Material for this exercise.
========
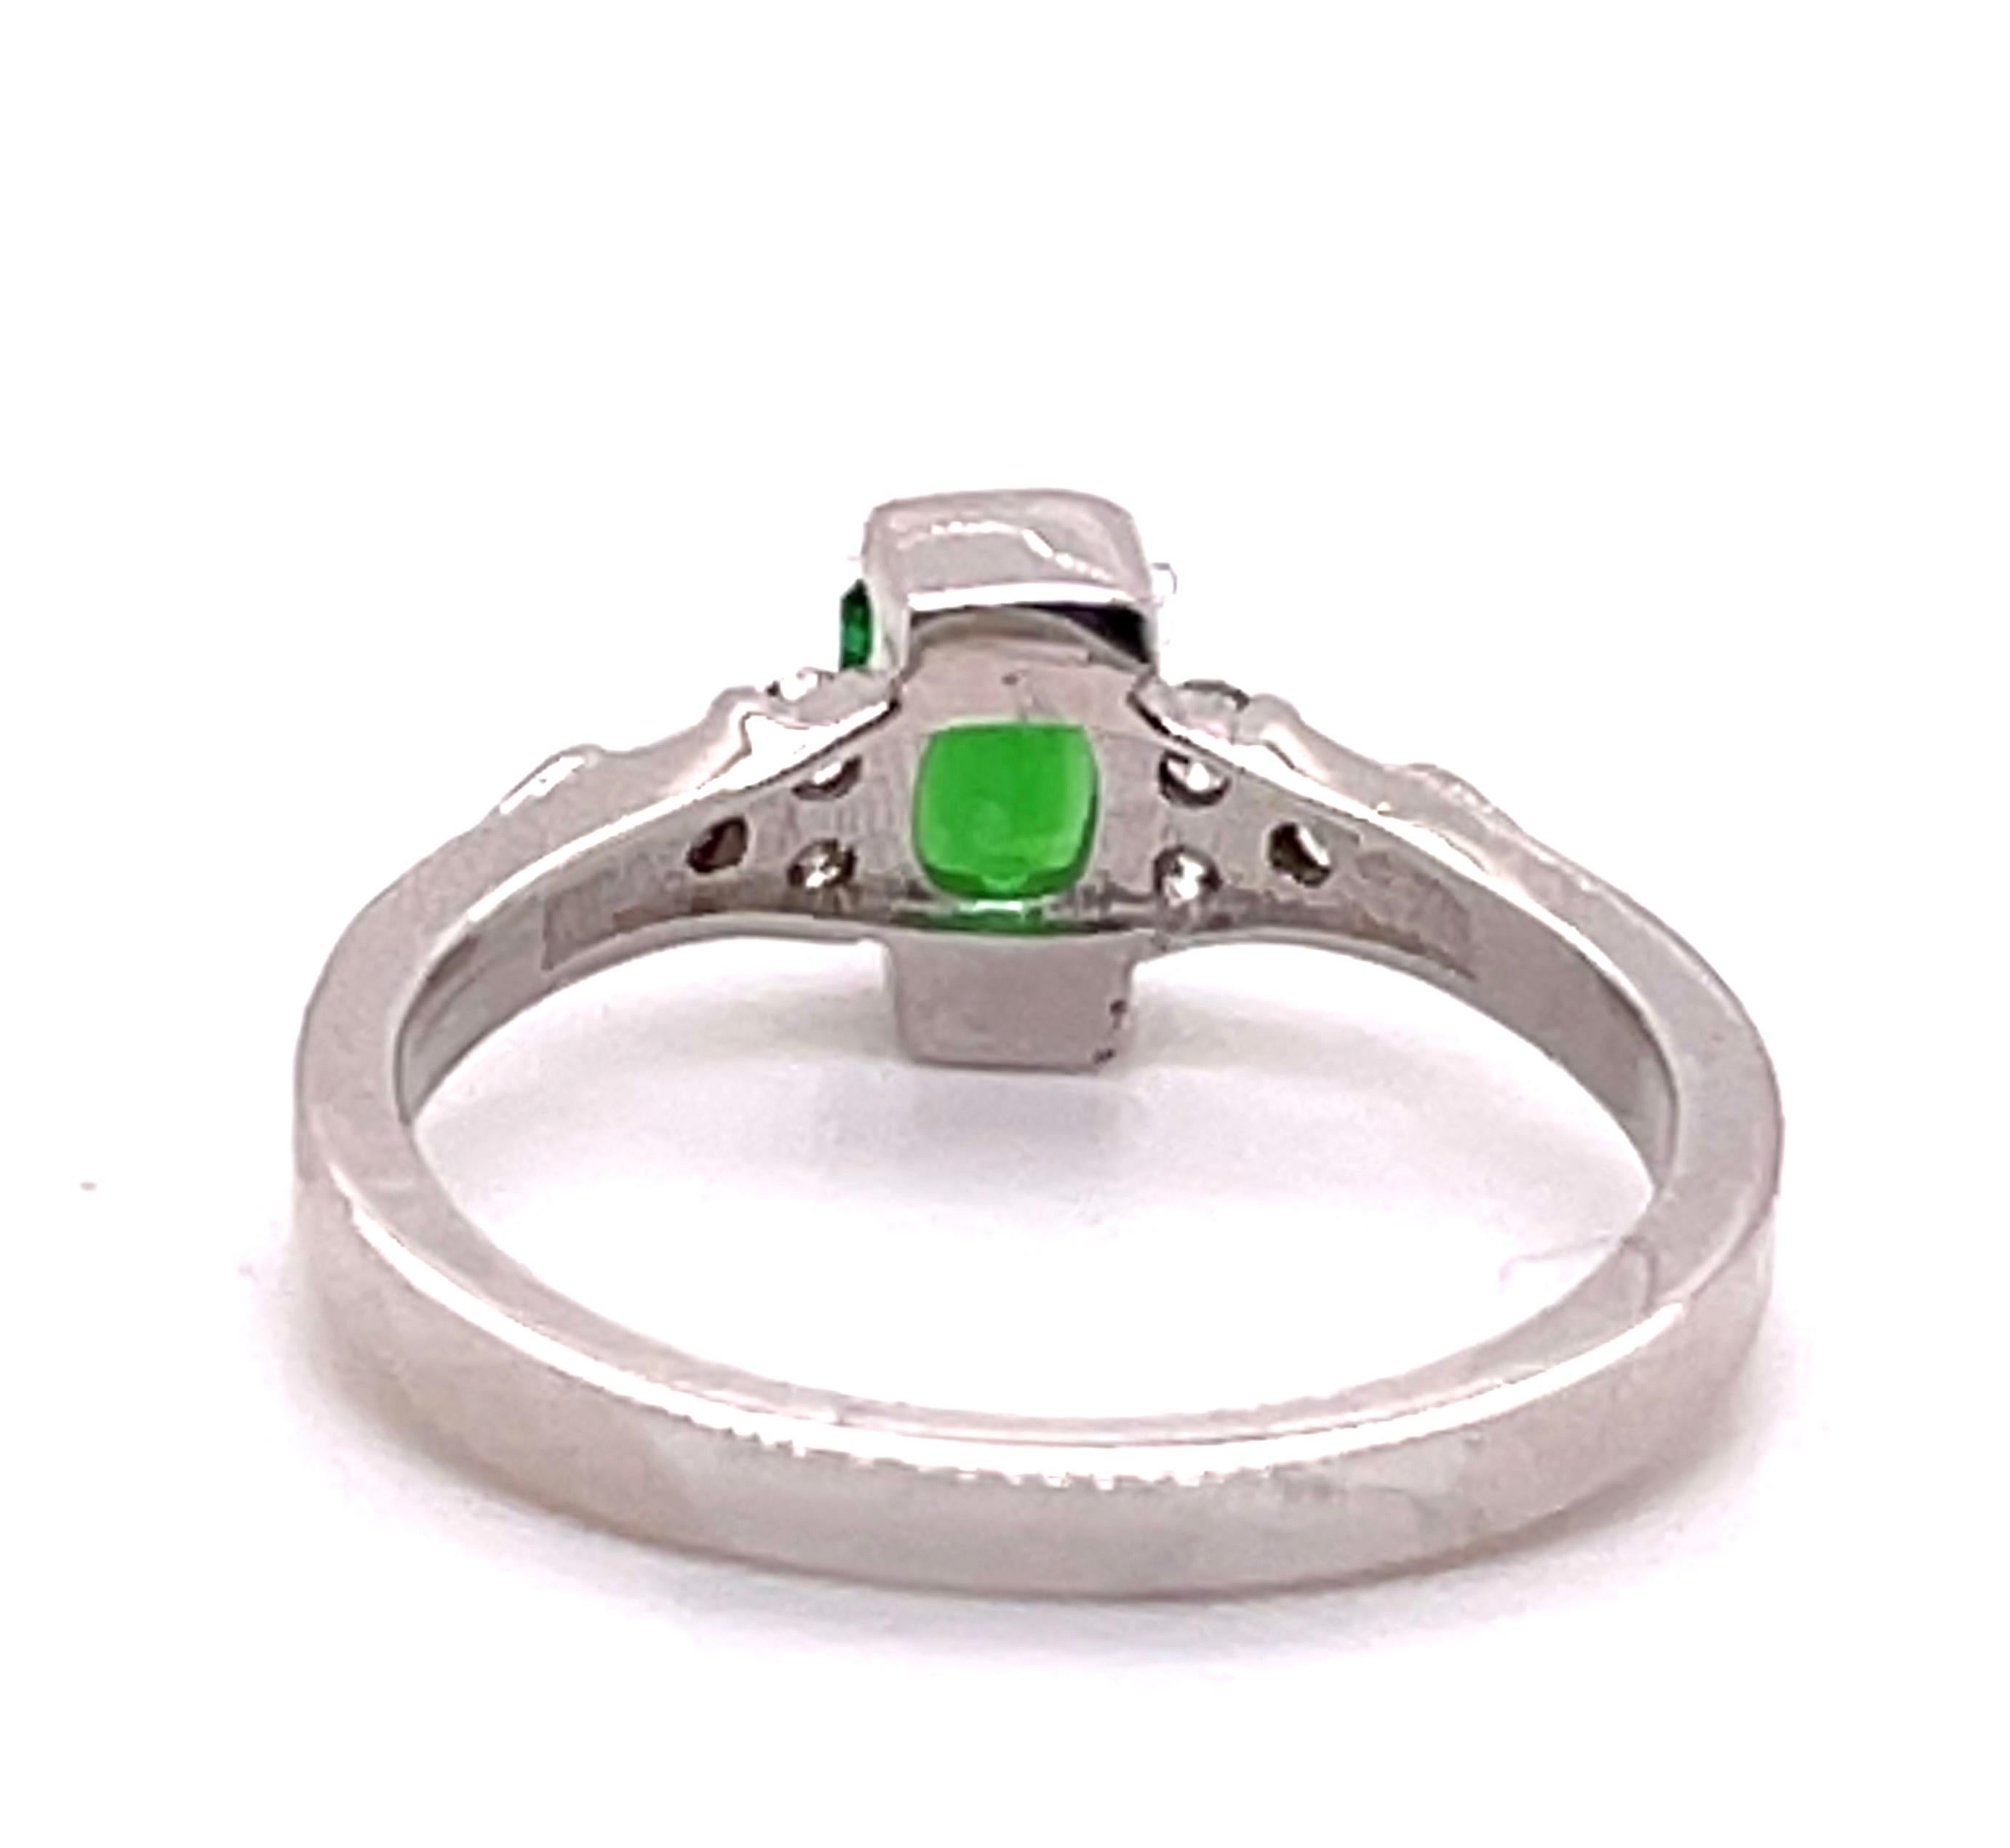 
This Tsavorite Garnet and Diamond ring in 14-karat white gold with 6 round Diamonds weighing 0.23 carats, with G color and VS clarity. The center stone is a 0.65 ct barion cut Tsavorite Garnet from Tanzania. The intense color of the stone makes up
========
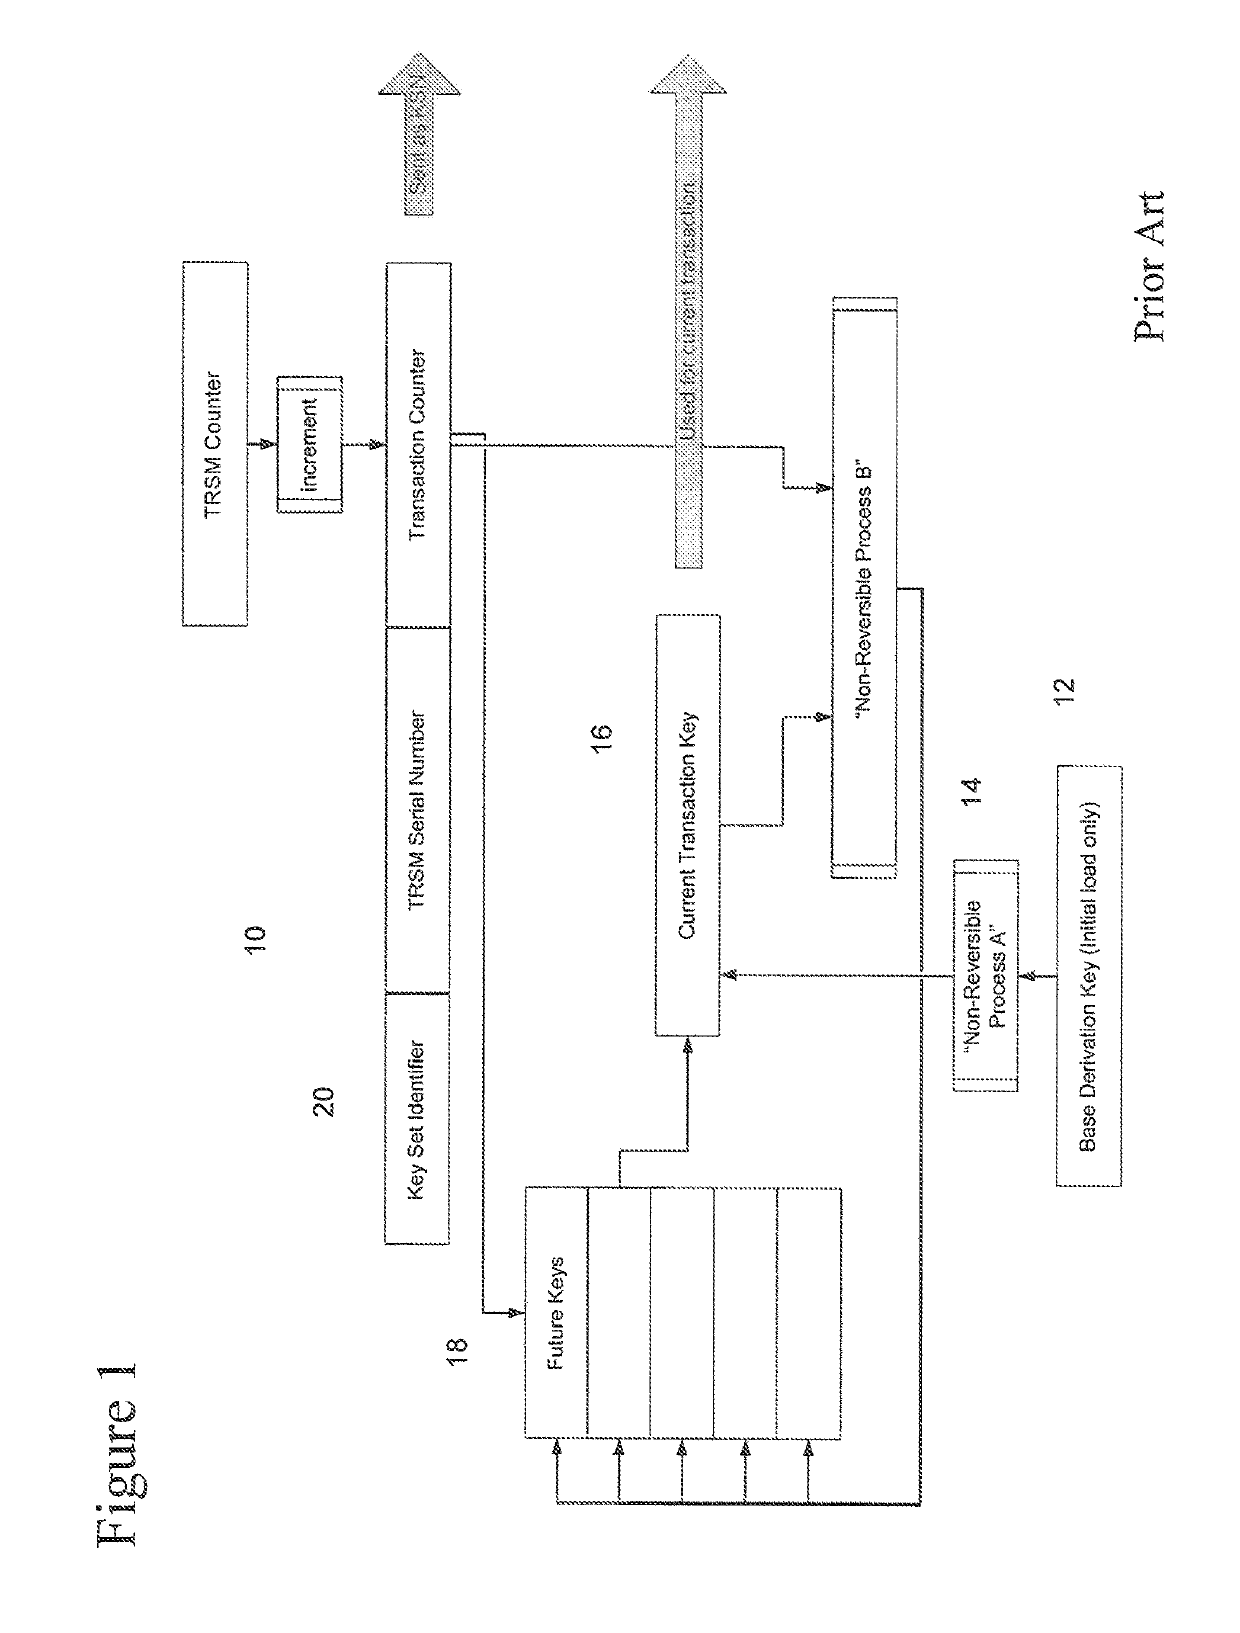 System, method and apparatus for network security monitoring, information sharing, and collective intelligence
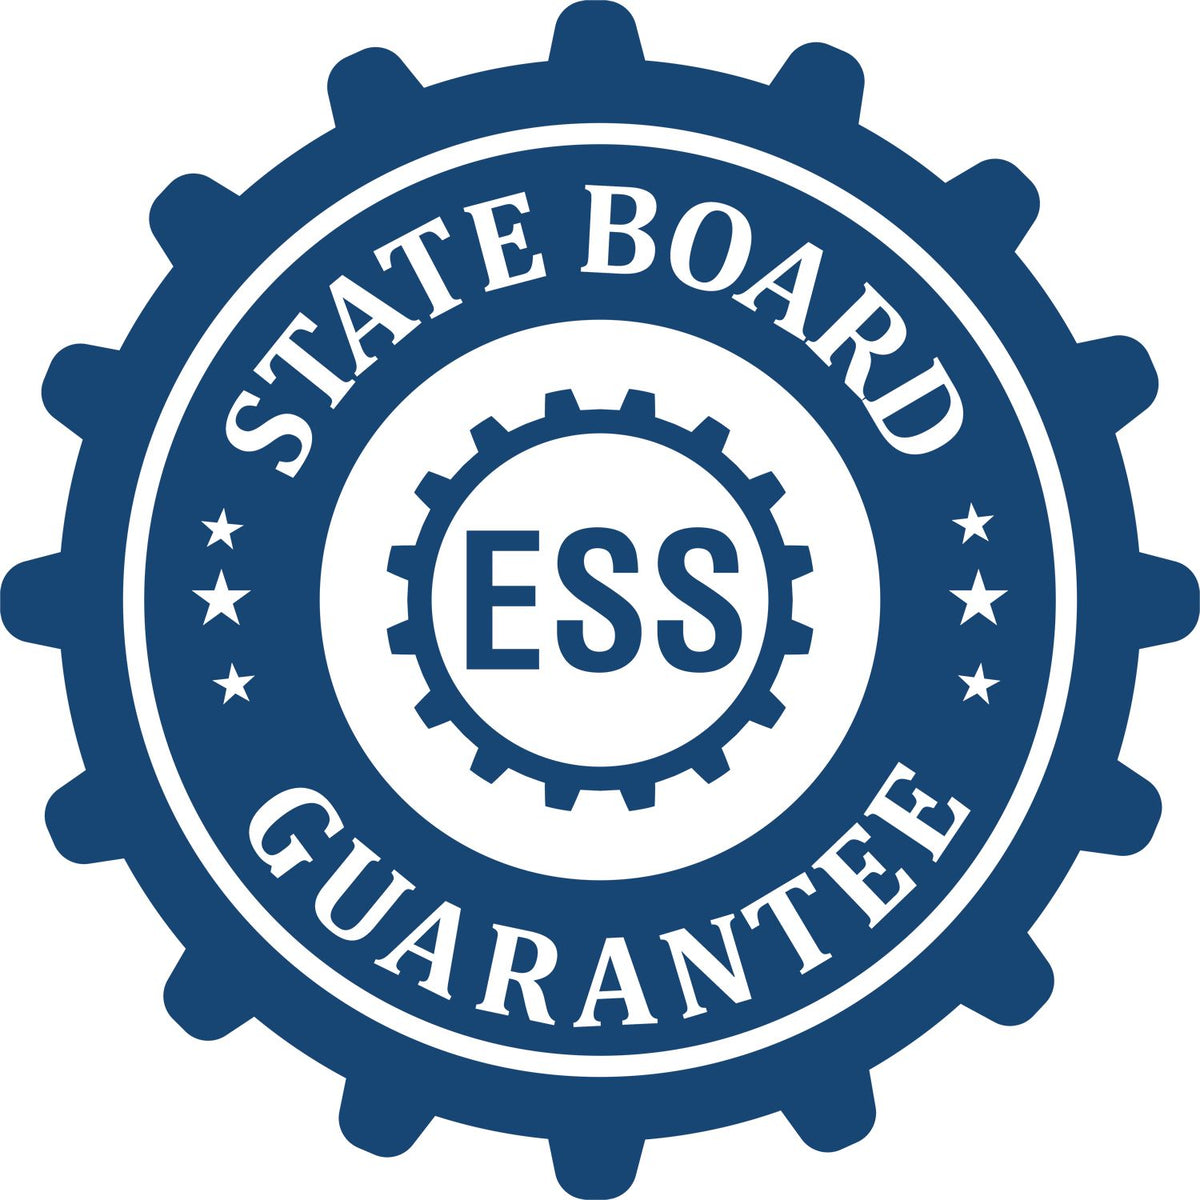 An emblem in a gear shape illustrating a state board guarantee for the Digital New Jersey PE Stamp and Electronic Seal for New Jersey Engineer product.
========
Your reply should hold nothing but the lines above, from the one containing "System, method and" to the one containing "An emblem in", reproduced exactly minus the pictures.

 System, method and apparatus for network security monitoring, information sharing, and collective intelligence
 An emblem in a gear shape illustrating a state board guarantee for the Digital New Jersey PE Stamp and Electronic Seal for New Jersey Engineer product.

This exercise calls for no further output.